When considering proposals for reporting criteria for the 2015 and 2016 PQRS payment adjustments, we considered satisfactory reporting options that would encourage eligible professionals and group practices to report for the 2013 and/or 2014 incentives but, should eligible professionals or group practices come up shy of meeting the 2013 and/or 2014 incentive reporting criteria, would still allow an eligible professional to meet the criteria for satisfactory reporting for the 2015 and/or 2016 payment adjustments. In lieu or more lenient satisfactory reporting criteria we proposed for the 2015 and 2016 payment adjustment, e.g. to report at least 1 measure or measures group or to elect the administrative claims-based reporting option, we considered the option of defaulting those eligible professionals who report but fail to meet the criteria for satisfactory reporting using the proposed criteria for the 2013 and/or 2014 incentives to the administrative claims-based reporting option. We would therefore analyze the claims of all eligible professionals who report at least 1 measure under a traditional reporting method during the respective 2015 and 2016 payment adjustment reporting periods under the administrative claims-based reporting option. We considered this proposal because it is our intention to encourage eligible professionals to report PQRS measures using the proposed reporting criteria for the 2013 and 2014 PQRS incentives. However, given our concern about new eligible professionals' familiarity and experience with the program, we believe it is necessary to propose an alternative, less stringent reporting option. We invite public comment on this considered proposal.

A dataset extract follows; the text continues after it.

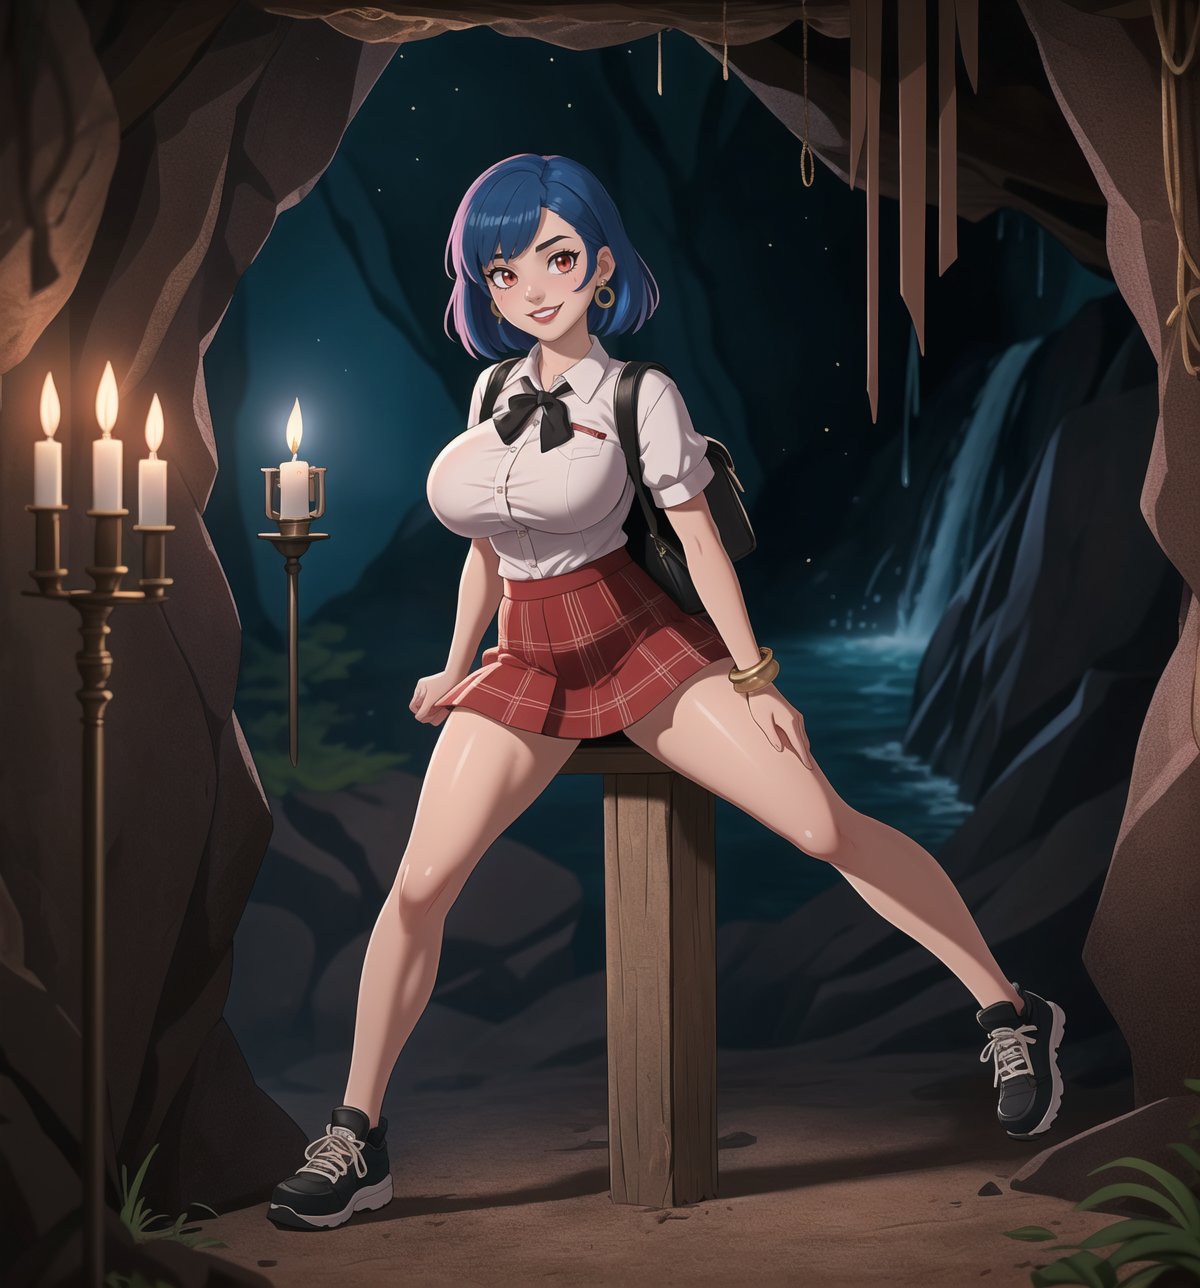 An ultra-detailed 4K fantasy-adventure masterpiece, rendered in ultra-high resolution with stunning graphical detail. | Akane, a young 22-year-old woman, is dressed in a schoolgirl uniform, consisting of a white blouse, black and red plaid skirt, black tie and black sneakers. She also wears a black cap with the school emblem, gold star-shaped earrings, black leather bracelets with metal details on the cuffs, and a black backpack. His short blue hair is disheveled, in a modern, shaggy cut. Her red eyes are looking straight at the viewer as she smiles and shows her teeth, wearing bright red lipstick and war paint on her face. It is located in a macabre cave, with rock structures, wooden structures, metal structures and a waterfall at the bottom. Candlelight illuminates the place, casting dancing shadows on the cave walls. | The image highlights Akane's sensual and strong figure and the macabre cave elements, creating an atmosphere of mystery and adventure. Dramatic lighting creates deep shadows and highlights details in the scene. | Soft, moody lighting effects create a relaxing and mysterious atmosphere, while rough, detailed textures on structures and decor add realism to the image. | A sensual and terrifying scene of a beautiful woman in a macabre cave, fusing elements of fantasy and adventure art. | (((The image reveals a full-body shot as Akane assumes a sensual pose, engagingly leaning against a structure within the scene in an exciting manner. She takes on a sensual pose as she interacts, boldly leaning on a structure, leaning back and boldly throwing herself onto the structure, reclining back in an exhilarating way.))). | ((((full-body shot)))), ((perfect pose)), ((perfect limbs, perfect fingers, better hands, perfect hands))++, ((perfect legs, perfect feet))++, ((huge breasts)), ((perfect design)), ((perfect composition)), ((very detailed scene, very detailed background, perfect layout, correct imperfections)), Enhance++, Ultra details++, More Detail++, poakl

c. Proposed Analysis of Eligible Professionals and Group Practices Who Will Be Assessed a PQRS Payment Adjustment

As noted in § 414.90(b), an eligible professional is assessed at the TIN/NPI level and a group practice selected to participate in the GPRO is assessed at the TIN level. As there is a 1-year lapse in time between the end of a proposed respective payment adjustment reporting period and when an eligible professional is expected to receive a PQRS payment adjustment for not meeting the requirements for satisfactory reporting for the respective payment adjustment, we understand that an eligible professional may change his or her TIN/NPIs during this lapse of time. Likewise, a group practice selected to participate in the GPRO may change its TIN during this lapse in time. We believe this raises issues with regard to the subsequent application of the payment adjustment and concerns about the potential for abuse (e.g., “gaming the system”). Accordingly, we invite public comment this issue, including what parameters, if any, CMS should impose regarding the changes in TIN/NPIs and compositions of group practices with regard to the payment adjustment.

d. Criteria for Satisfactory Reporting for the Payment Adjustments for 2017 and Beyond for Eligible Professionals and Group Practices

We have stressed the importance of allowing eligible professionals and group practices who are new to the program to gain familiarity with PQRS's reporting requirements. However, we note that, as we move towards the sole implementation of payment adjustments (which would serve as the reporting period for the 2017 payment adjustment), it is our intention that eligible professionals would be expected to meet reporting criteria that more closely align to the reporting criteria that we have proposed for the 2014 incentives above. It is our expectation that in two years' time, eligible professionals who are new to PQRS would have enough familiarity with the program that CMS could reasonably expect a majority of participating eligible professionals to meet the requirements that are identical or very similar to those that have been required for incentive payment purposes. We invite public comment on goals for future criteria for satisfactory reporting we may require under the program for the 2017 payment adjustment that are identical or similar to the criteria we have proposed for the 2014 incentive payments. We also invite commenters to provide alternative criteria for us to consider in future rulemaking for the payment adjustments for 2017 and beyond.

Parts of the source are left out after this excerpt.